Виолетта даже устыдилась своей обиды когда поняла ещё, что сочинские бабы — и не только студийные — оскорблены фотографиями до душевных судорог. Никто из них не представлял себе, будто это возможно: с одной стороны, обладать таким ослепительно роскошным телом, а, с другой, жить в Сочи, как ни в чём не бывало.
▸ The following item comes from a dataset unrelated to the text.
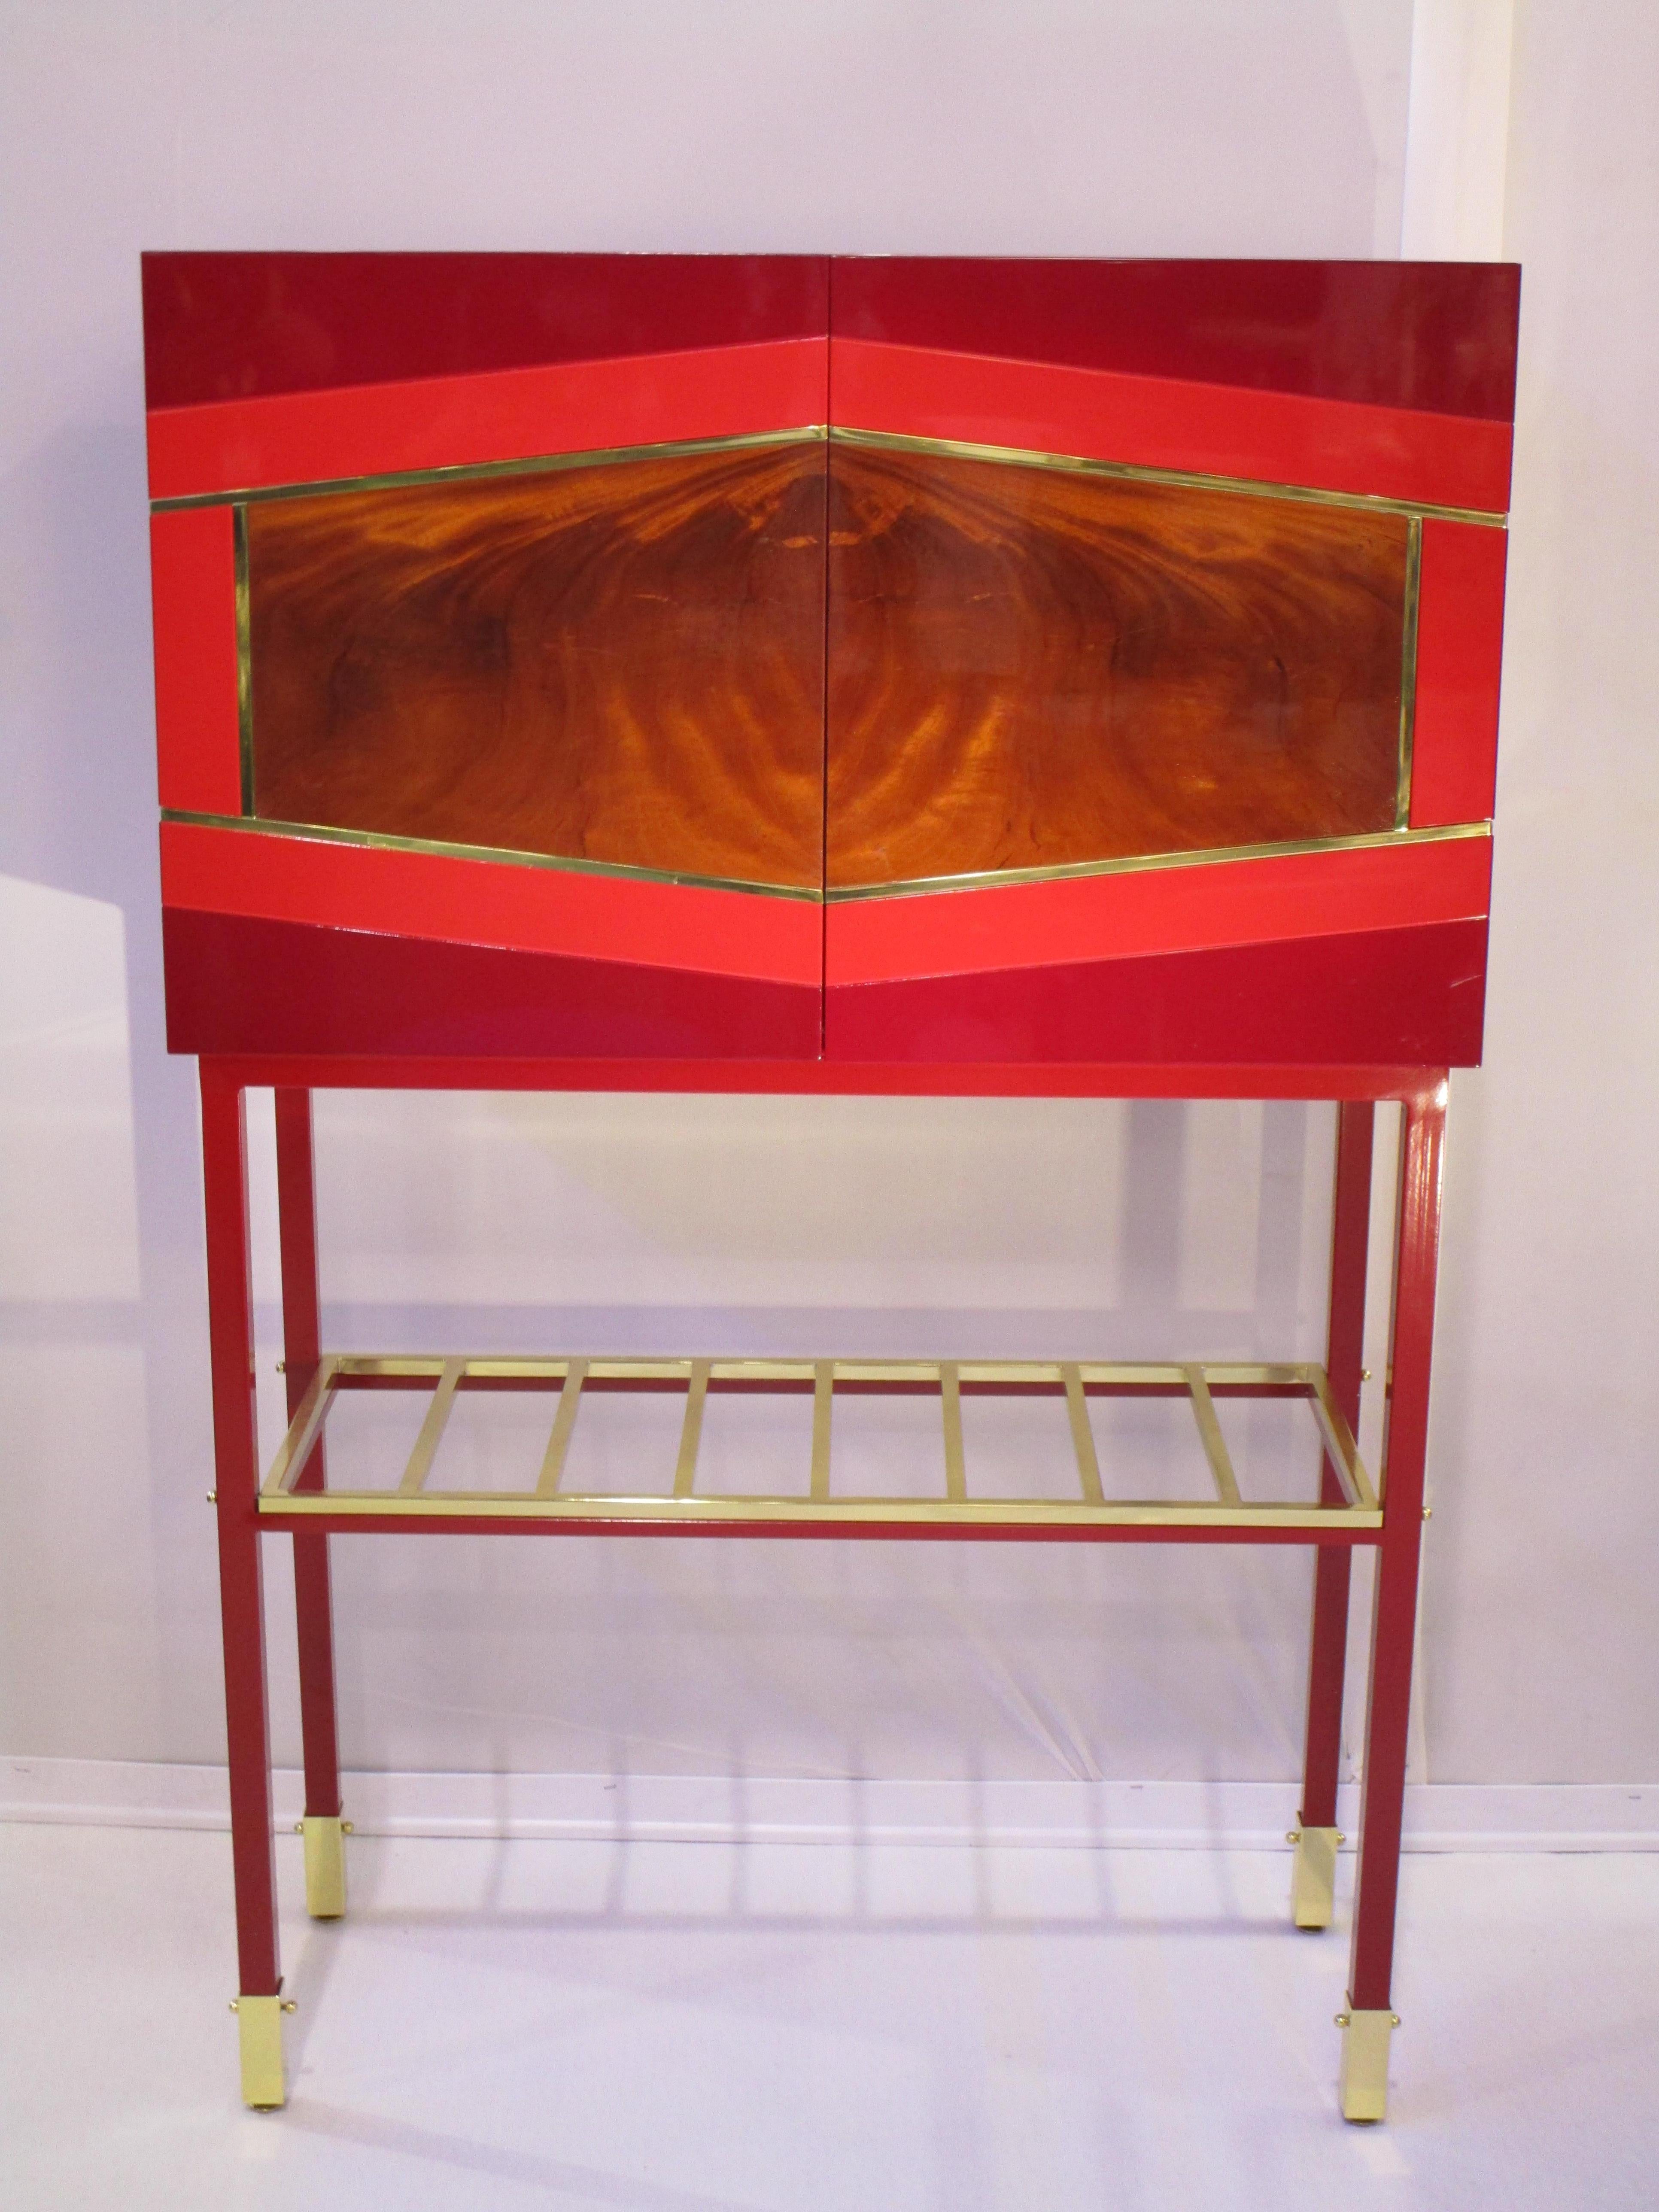 With its striking aesthetic, bold colors and geometric shapes, this modern cabinet blends originality with style in a design that effortlessly matches any decor. 

Featuring lacquer-finished reds and radica front in the shape of a diamond and

Разве что вещать известные истины о здоровом питании.
Чувство справедливости, воспитанное доцентом Гусевым, побороли в душе Виолетты не только обиду на его дочь, но и сомнения: к лицу ли ей, заместительнице и коммунистке, возглавить кампанию по защите Хмельницкой.
Директор студии Дроздов, пожилой демократ, которому как раз в день выхода журнала начали обтачивать зубы для вставления недостававших, метался от позиции к позиции. Мнения звучали разные. Начиная от «Как можно?!» — и вплоть до «А почему нельзя?!» От «Гнать её в жопу!» — до «Здоровой еде час-пик!»
Природная смекалка, остаток совести, нетронутый реформой, и успешное боковое пломбирование зуба мудрости склонили Дроздова к точке зрения Виолетты, то есть местных коммунистов, к каковым он прежде и принадлежал.
Согласно этой точке, каждый человек, а особенно женщина, обладает голым телом, которое история предписывает прикрывать мануфактурой. Но, как выяснилось, история способна ошибаться, а её законы слабее законов телесного совершенства. Поскольку, однако, директор настоял на том, чтобы обойтись без удручающего анализа конкретных ошибок истории, дебаты сразу же свелись к эстетической сфере.
Спорили как бы о фотопочерке Вайзеля.
Женский контингент счёл, что в динамично размытом снимке, где в фокусе застыли только груди, художник выразил отношение к Анне как к вакууму с сосками. Мужской заподозрил Вайзеля в обобщённом подходе. Дескать, либо всякая баба — сука с сосками, либо всякие соски — символ дерзости, плодородия и будущего. То есть — созревания фруктов в космическом саду.
Аналогично разделились мнения и вокруг того обстоятельства, что почти во всех кадрах — слишком много ссылок на ягодицы, которые внештатный кинокритик студии назвал астральными. Он же настоял на том, что в снимке, где приблудная волна приподняла Анне влажную грудь, главное уже не в сосках модели, а в распавшихся губах. На лице. Точнее, в том, что на лазурном фоне воды её белые зубы сверкают во рту, как рыбка у берега.